For the past three decades, U.S. immigration policy has become increasingly restrictive, focused on enforcement both at the southern border and across the country. A shift in emphasis from status regularization to criminalization has had rippling effects for families and communities. While we know much about how immigration enforcement impacts the undocumented, we know less about longstanding effects on U.S. citizens. In Surviving the ICE Age, sociologist Joanna Dreby draws on interviews with young adults with foreign-born parents to better understand what it was like to grow up during a time of heightened U.S. migratory control.

Dreby shows that a restrictive approach to immigration creates problems over time and across generations. These issues occur regardless of one’s citizenship status and go beyond deportations. Despite having pride in their heritage, her interviewees did not talk much about immigration. She refers to this unwillingness—and at times, inability—to speak about immigration as silencing. Silencing in a community or family is often intended to protect children, but this can leave them with little information about their backgrounds and status, leading to fear and anxiety instead. Self-silencing often resulted from traumatic experiences tied to enforcement episodes, which sometimes took the form of memory loss or emotional withholding. Dreby finds that experiences with the immigration system that disrupted relationships in a child’s household arising from family separations, moves, or changing roles in the family had especially long-term effects, causing, at times, ongoing mental health issues. Even the risk of immigration involvement left some young adults feeling vulnerable and undermined their sense of safety and security as U.S. citizens.

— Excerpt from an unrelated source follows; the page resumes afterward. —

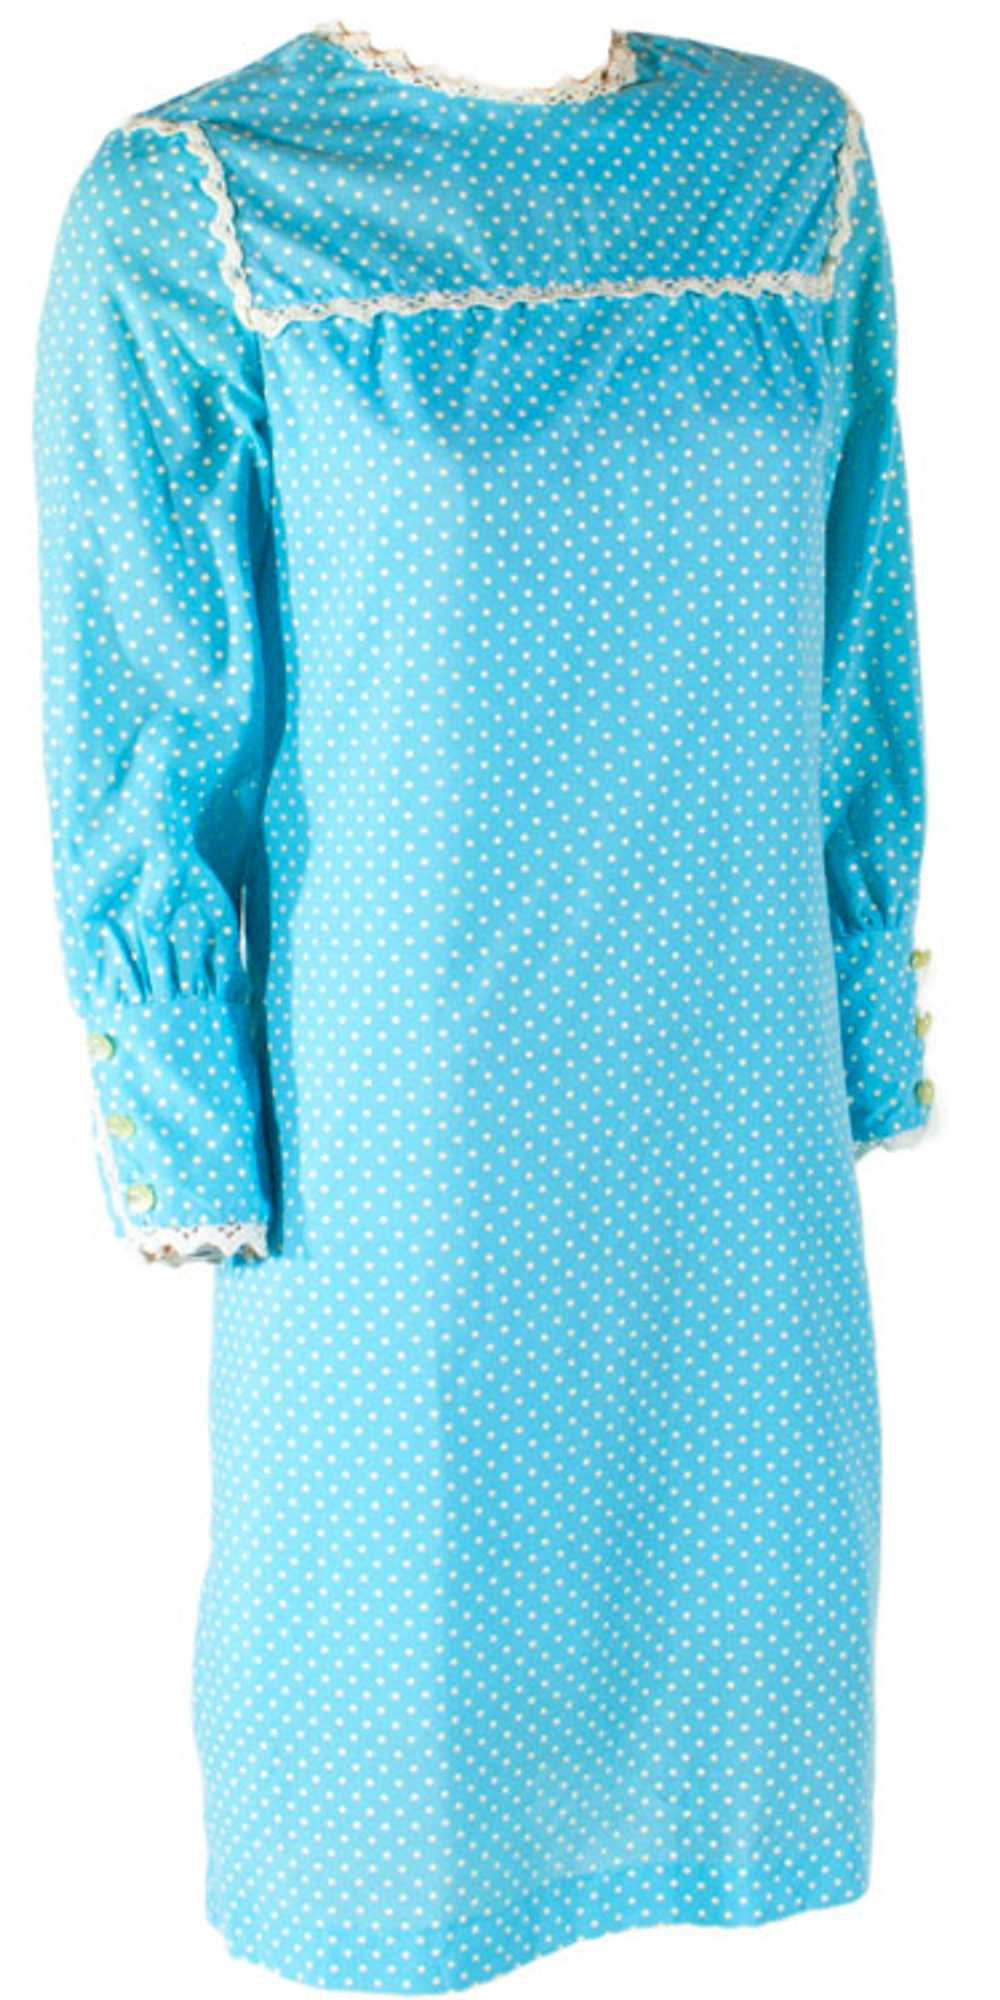 Vintage 1960s Polka Dot Dress - image 1

Dreby also highlights stories that offer hope. Young adults developed strategies to persevere, and children who grew up in communities and families that openly talked about migration felt empowered and fared much better, especially when they had access to resources, such as adequate food and shelter, mental health services, and community support. Dreby calls for policies and practices to mitigate the harms of restrictive migratory control on children’s wellbeing, such avoiding the arrest of parents in front of children and ensuring that U.S. citizen children’s interests are considered in immigration court without their direct involvement.

Surviving the ICE Age details the generational harms caused by U.S. immigration policy and offers suggestions for a better way forward.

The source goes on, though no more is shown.